There’s just not a lot of economical substitutes for formaldehyde available right now, Smith said. But he expects that to change as demand for its removal continues to grow.

Real estate developers, too, are becoming aware of the health effects of the products in their buildings.

But it’s a big challenge finding products that are both healthy and durable, said Amanda Kaminsky, sustainable construction manager for New York City-based The Durst Organization Inc.

Because of the company’s business model of long-term ownership, it has begun to focus on the potential health impacts to tenants of each component of its buildings, Kaminsky said.

BPA in epoxies and resilient flooring has been a particularly difficult building product to work around, she said, because suitable substitutes are difficult to find.

Gray shades of green

And as health concerns rise with building products, sometimes the "green" building industry is at odds with itself.

The popular USGBC LEED rating system, for example, gives credit for recycled content. However, sometimes that recycled content has adverse health effects, said Bill Walsh, founder and executive director of the Healthy Building Network.

Fly ash and synthetic gypsum, coal-fired power plant byproducts, are two prime examples.

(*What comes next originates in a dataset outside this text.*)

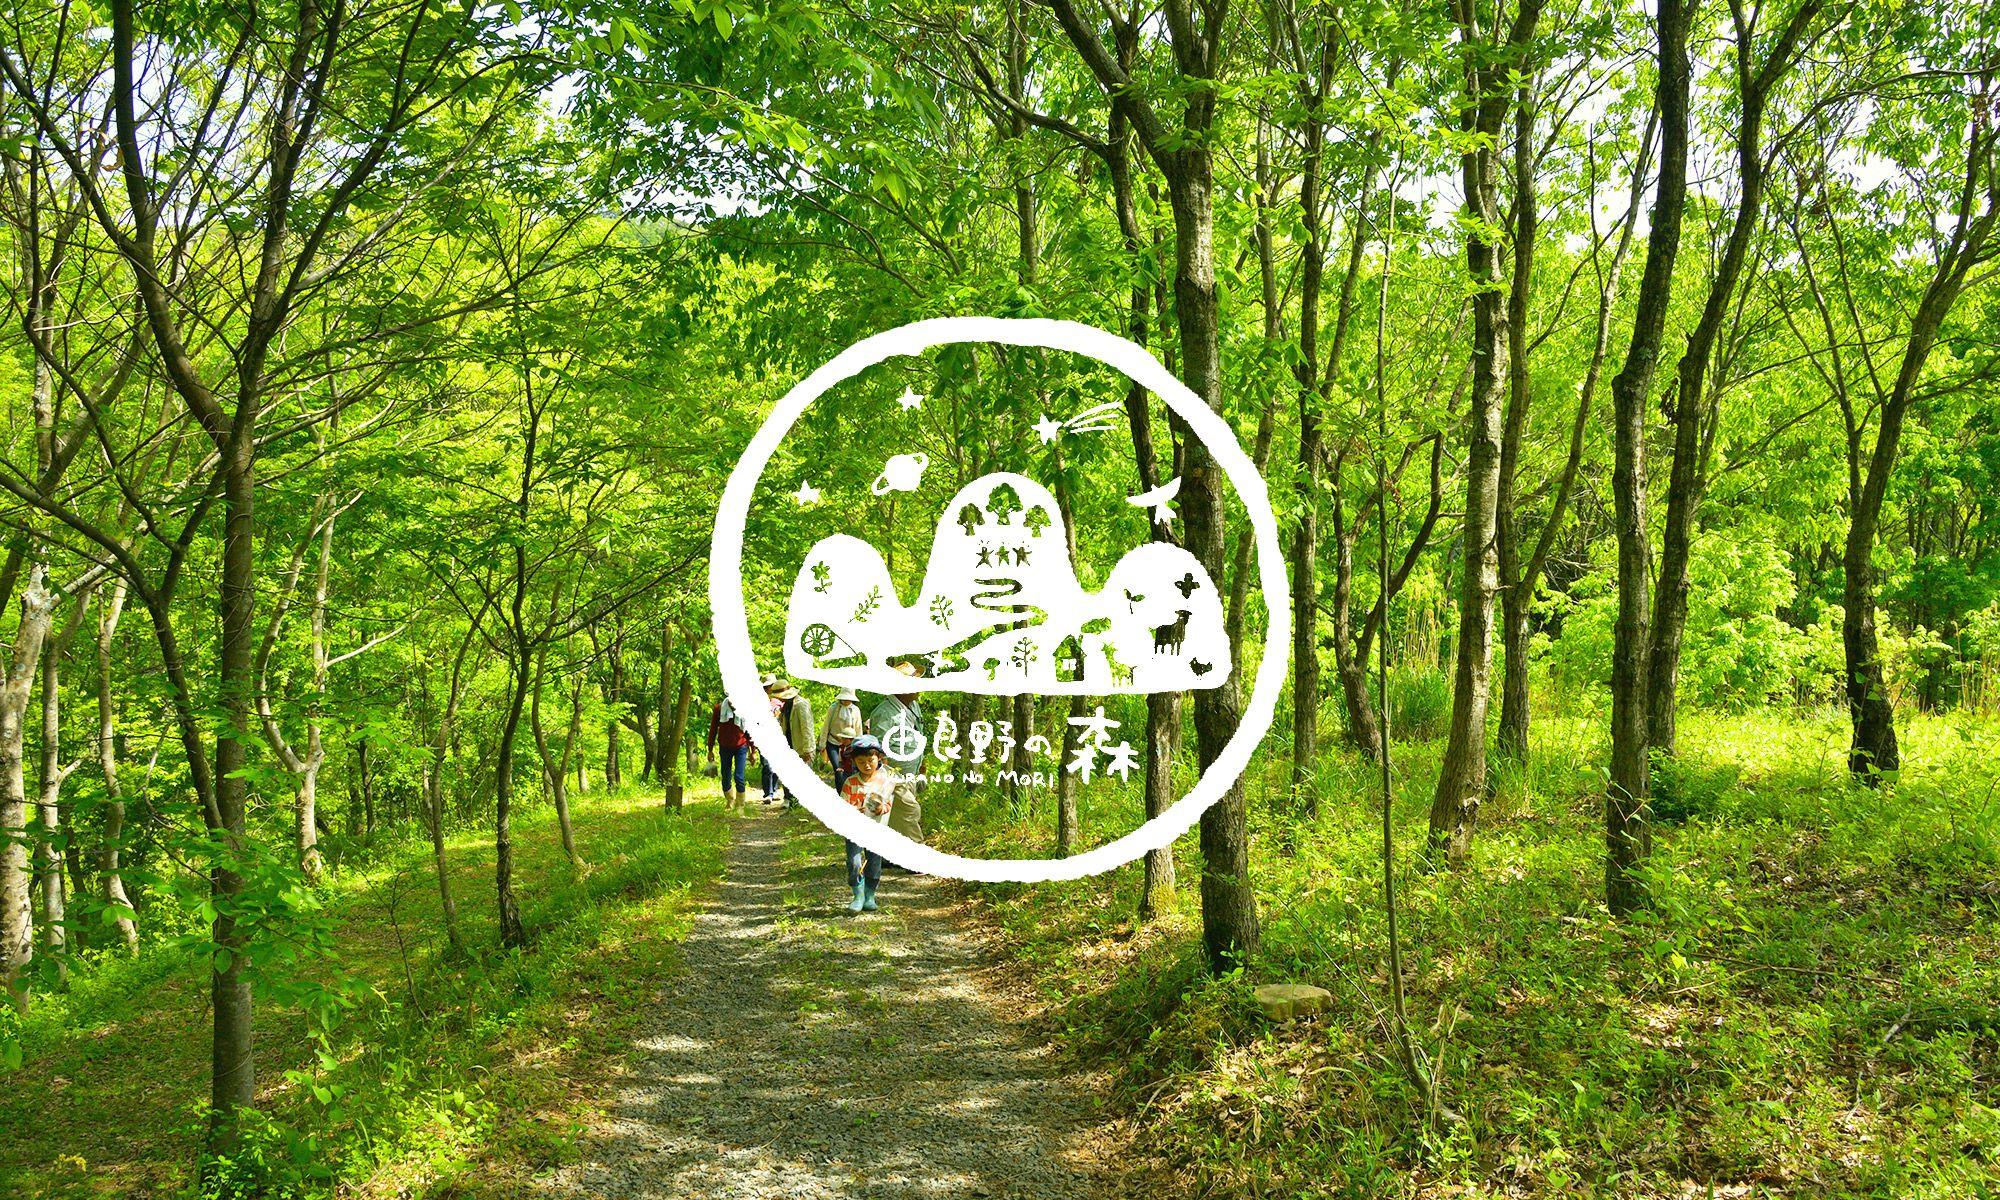 由良野の森(愛媛・久万高原) 豊かな里山環境での生活体験や学習・文化交流

It’s increasingly sustainable, economically and environmentally, not to dig new gypsum out of the earth for this filler. But is it healthy?

More stringent air pollution controls require coal-fired power plants to clean their combustion exhaust. The result is fewer heavy metals and toxicants in the air, but more in the fly ash and synthetic gypsum, which are used more and more as a recycled product in building materials.

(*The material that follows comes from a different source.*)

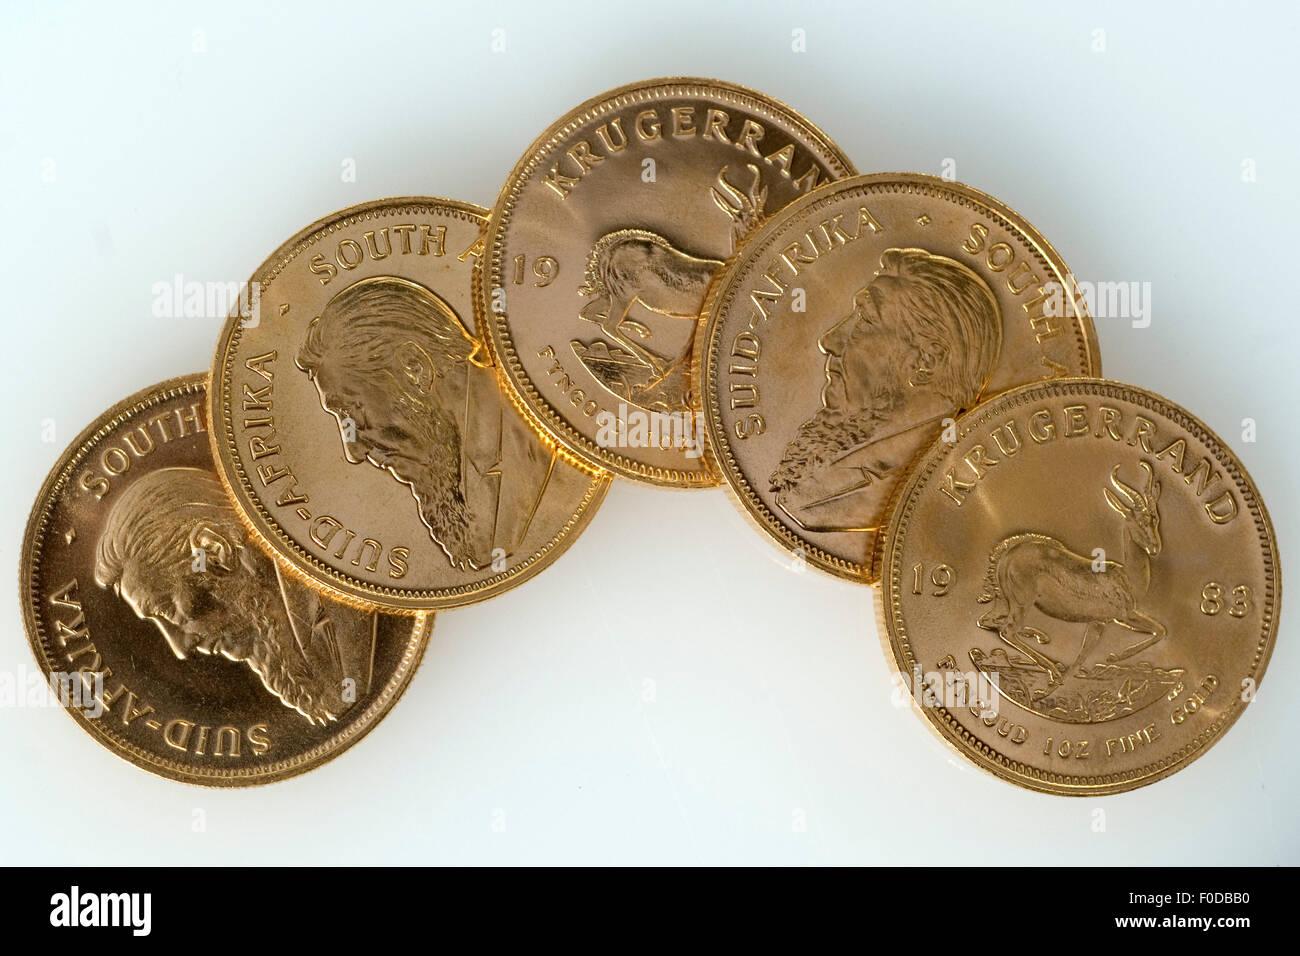 Kruegerrand-Goldmuenzen; Stock Photo

This is just one example of the complexity of modern buildings, the health concerns they provoke, and the minefield we must pass through as we enter the next era of sustainability (and what it means).

But this complexity is beginning to be addressed as the indoor environmental health of the buildings we live in becomes a growing topic of attention.

Whatever happens, it won’t be a black-and-white solution, said Chris Youssef, an interior designer at Perkins + Will who helps run the firm’s transparency project with Peter Syrett.

In reality, it’s a weighing system, Youssef said. "Every modern material has a problem with it," he said.

"People want red lists," he said. "It’s not about that."

It’s simply about making building materials healthier.

"We want manufacturers to come to us and ask, ‘What can we do better?’" Youssef said.